Non-linear fitting: Fit the full kinetic model to the signal-time curve
Weighted delay: Use the weighted average of delays

\[ ATT \approx \frac{\sum_i PLD_i \cdot \Delta M_i}{\sum_i \Delta M_i} \]

Parameter Definitions¶

Parameter	Symbol	Typical Value (3T)	Units
Blood-brain partition coefficient	\(\lambda\)	0.9	ml/g
T1 of arterial blood	\(T_{1,\text{blood}}\)	1650	ms
T1 of grey matter	\(T_{1,\text{GM}}\)	1300	ms
T1 of white matter	\(T_{1,\text{WM}}\)	830	ms
Labelling efficiency (PCASL)	\(\alpha\)	0.85	-
Labelling efficiency (PASL)	\(\alpha\)	0.98	-
Label duration (PCASL)	\(\tau\)	1800	ms
Post-label delay	\(PLD\)	1800-2000	ms
Arterial transit time (GM)	\(ATT\)	500-1500	ms
Normal grey matter CBF	\(f\)	50-80	ml/100g/min
Normal white matter CBF	\(f\)	20-30	ml/100g/min

Partial Volume Correction¶

For partial volume effects between grey matter (GM), white matter (WM), and cerebrospinal fluid (CSF):

\[ \Delta M = f_{\text{GM}} \cdot \Delta M_{\text{GM}} + f_{\text{WM}} \cdot \Delta M_{\text{WM}} \]

Where \(f_{\text{GM}}\) and \(f_{\text{WM}}\) are the volume fractions.
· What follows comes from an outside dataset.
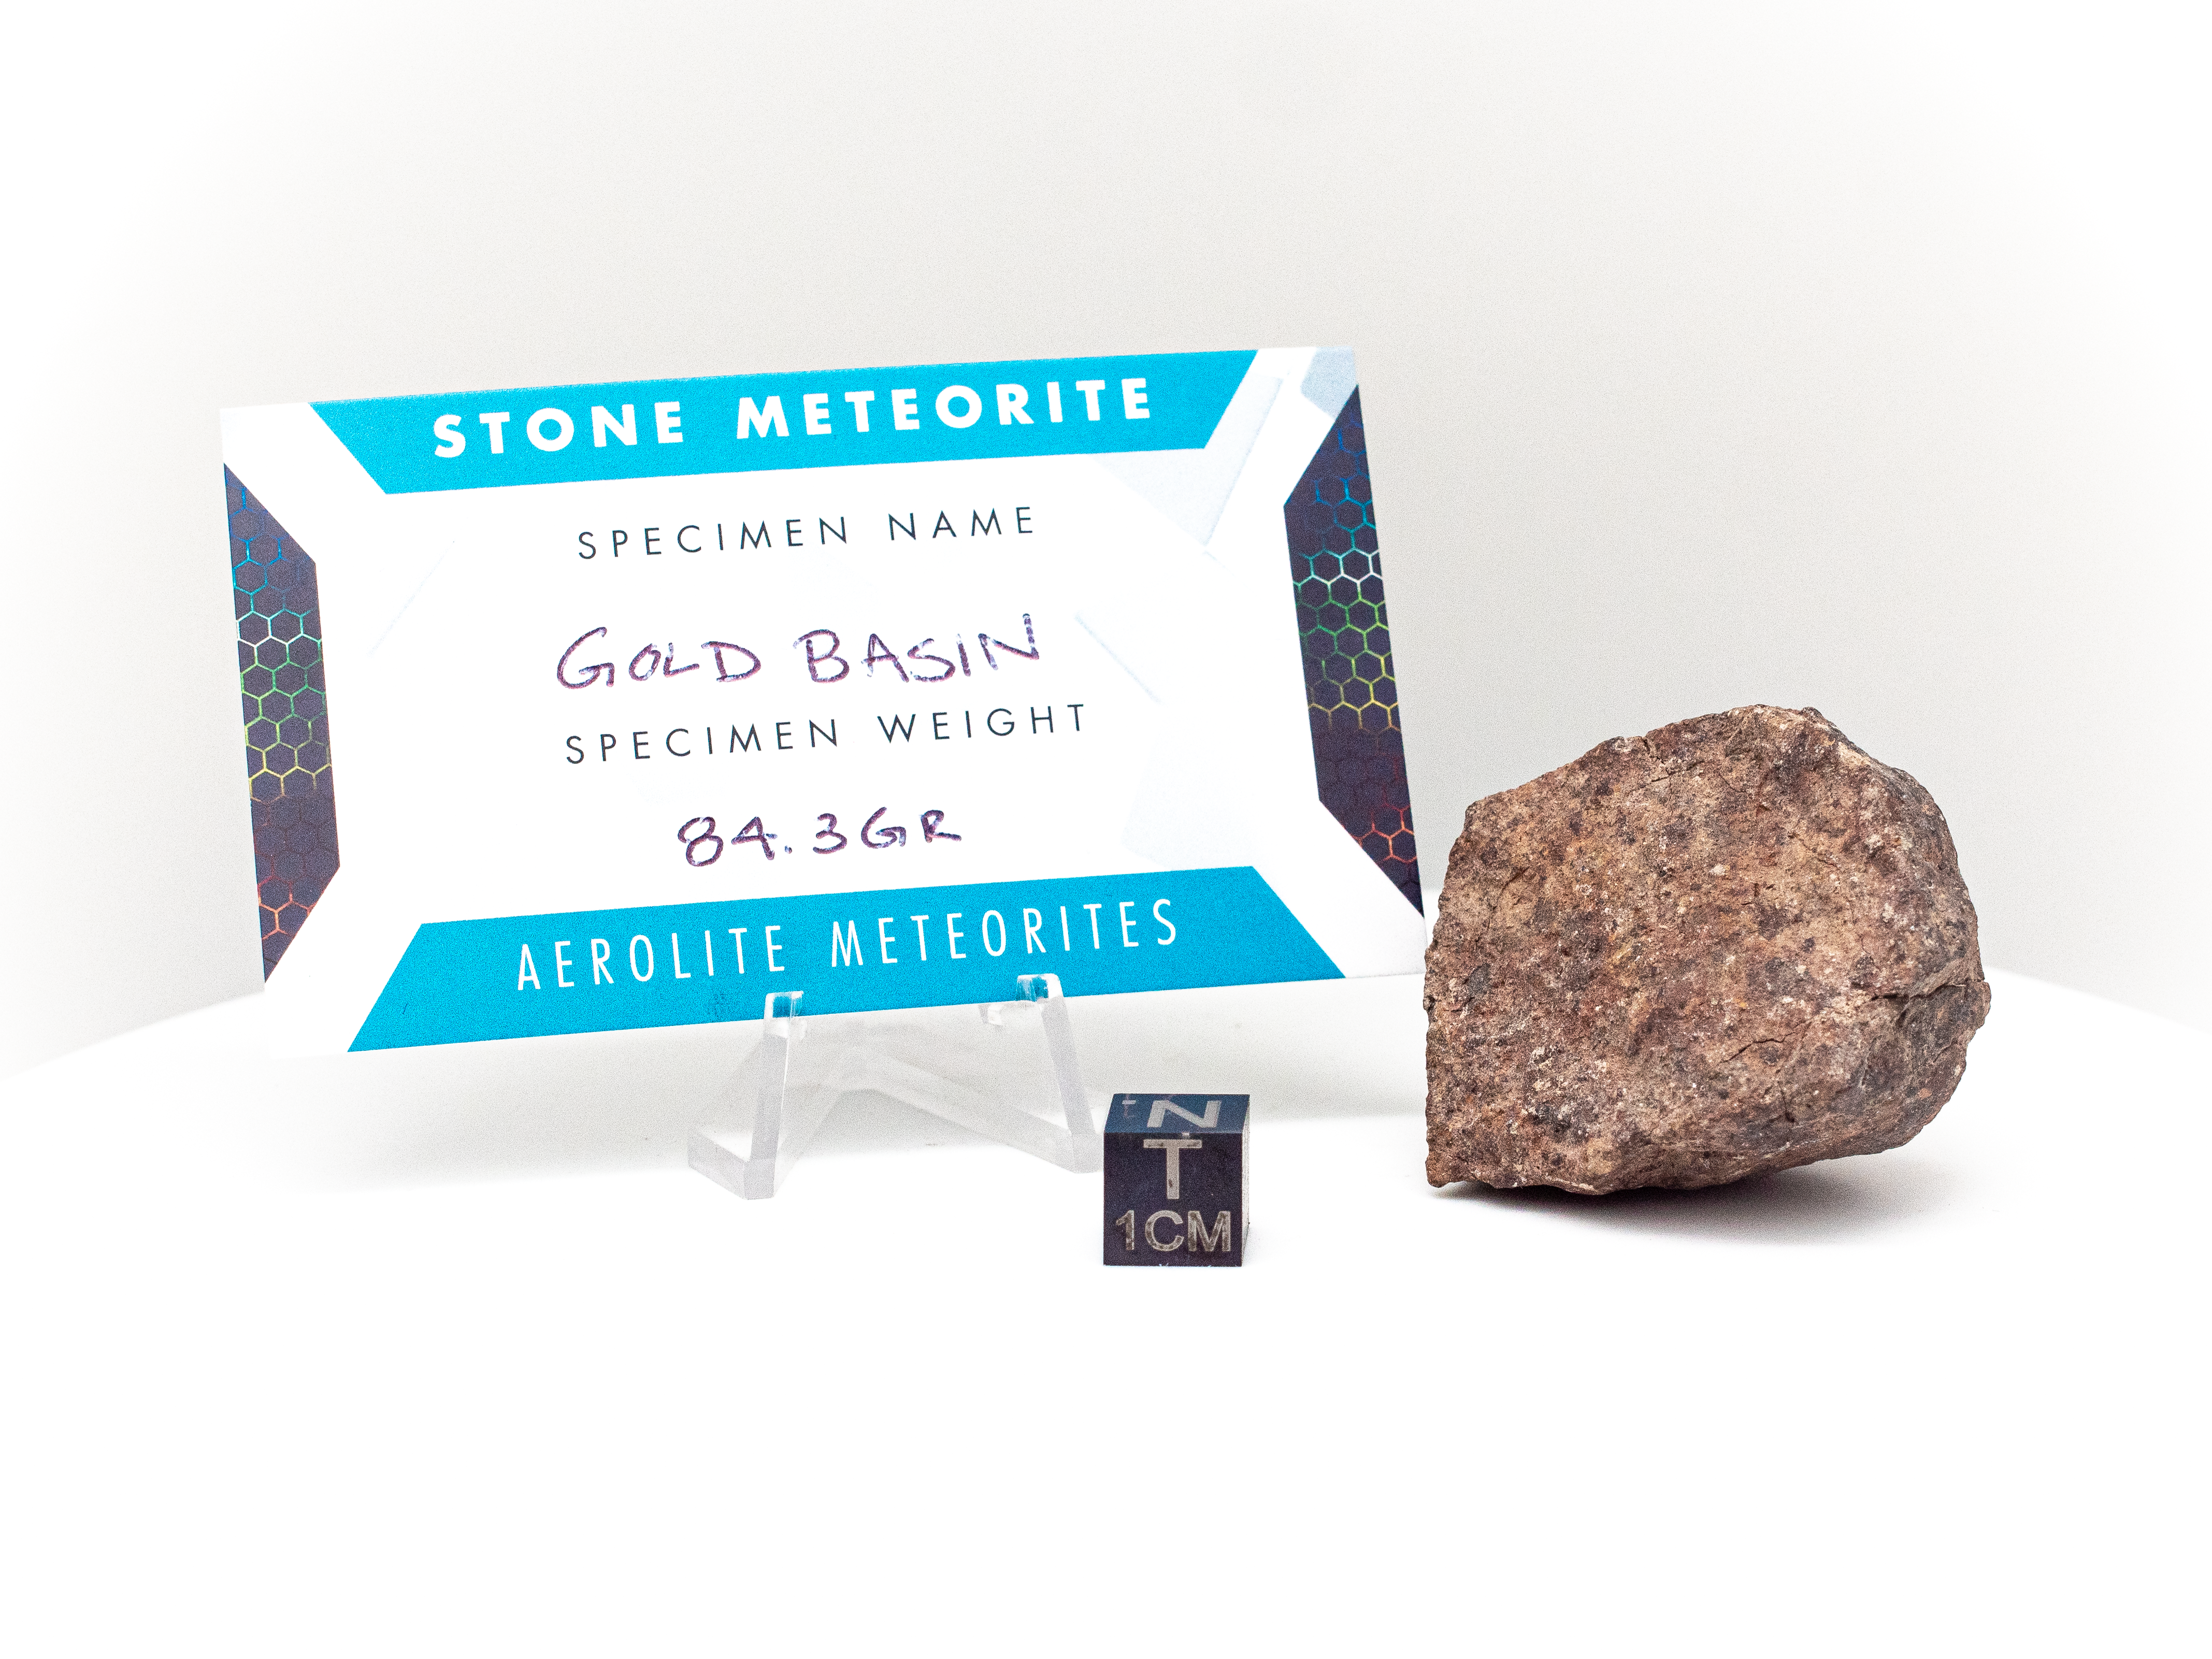 gold basin meteorite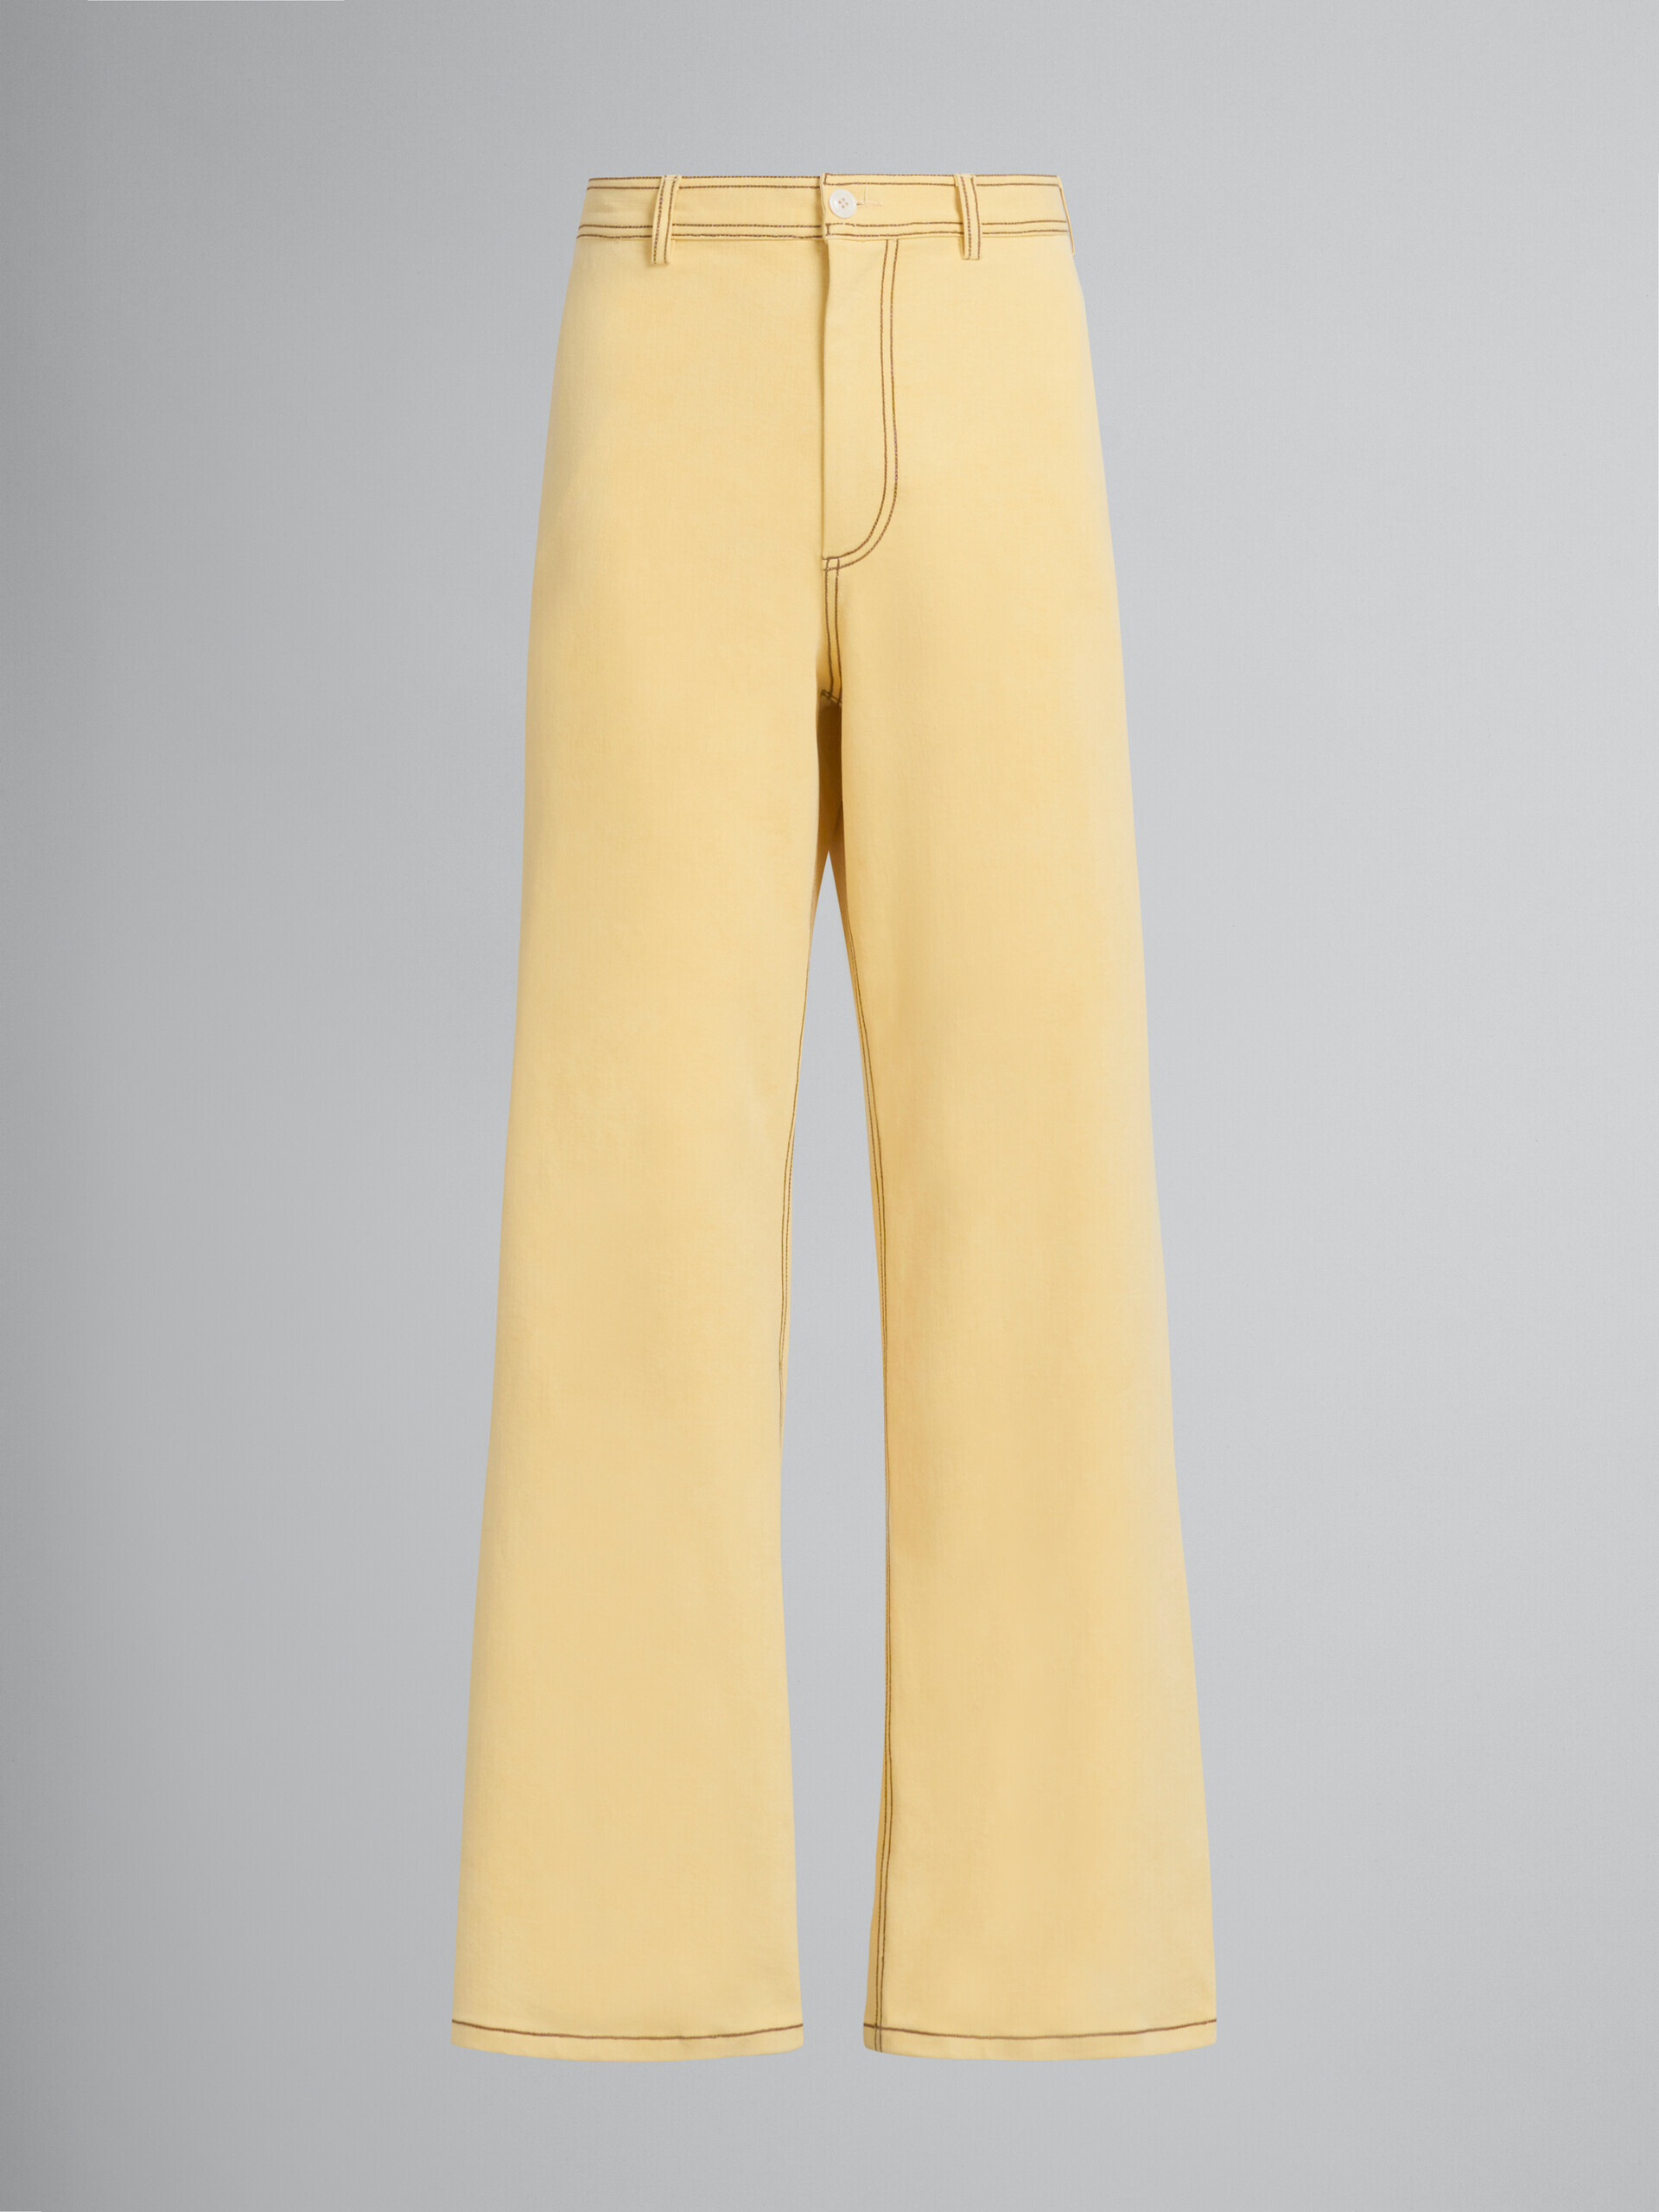 Pantaloni in denim biologico giallo con cuciture a contrasto - Pantaloni - Image 2

Linear regression can be used to separate tissue contributions:

\[ \text{CBF}_{\text{GM}} = \frac{\text{CBF}_{\text{measured}} - f_{\text{WM}} \cdot \text{CBF}_{\text{WM}}}{f_{\text{GM}}} \]

References¶

Alsop DC, Detre JA, Golay X, et al. Recommended implementation of arterial spin-labeled perfusion MRI for clinical applications: A consensus of the ISMRM perfusion study group and the European consortium for ASL in dementia. Magnetic Resonance in Medicine. 2015;73(1):102-116.
Buxton RB, Frank LR, Wong EC, et al. A general kinetic model for quantitative perfusion imaging with arterial spin labeling. Magnetic Resonance in Medicine. 1998;40(3):383-396.
Chappell MA, MacIntosh BJ, Donahue MJ, et al. Separation of macrovascular signal in multi-inversion time arterial spin labelling MRI. Magnetic Resonance in Medicine. 2010;63(5):1357-1365.
Petersen ET, Zimine I, Ho YC, Golay X. Non-invasive measurement of perfusion: a critical review of arterial spin labelling techniques. British Journal of Radiology. 2006;79(944):688-701.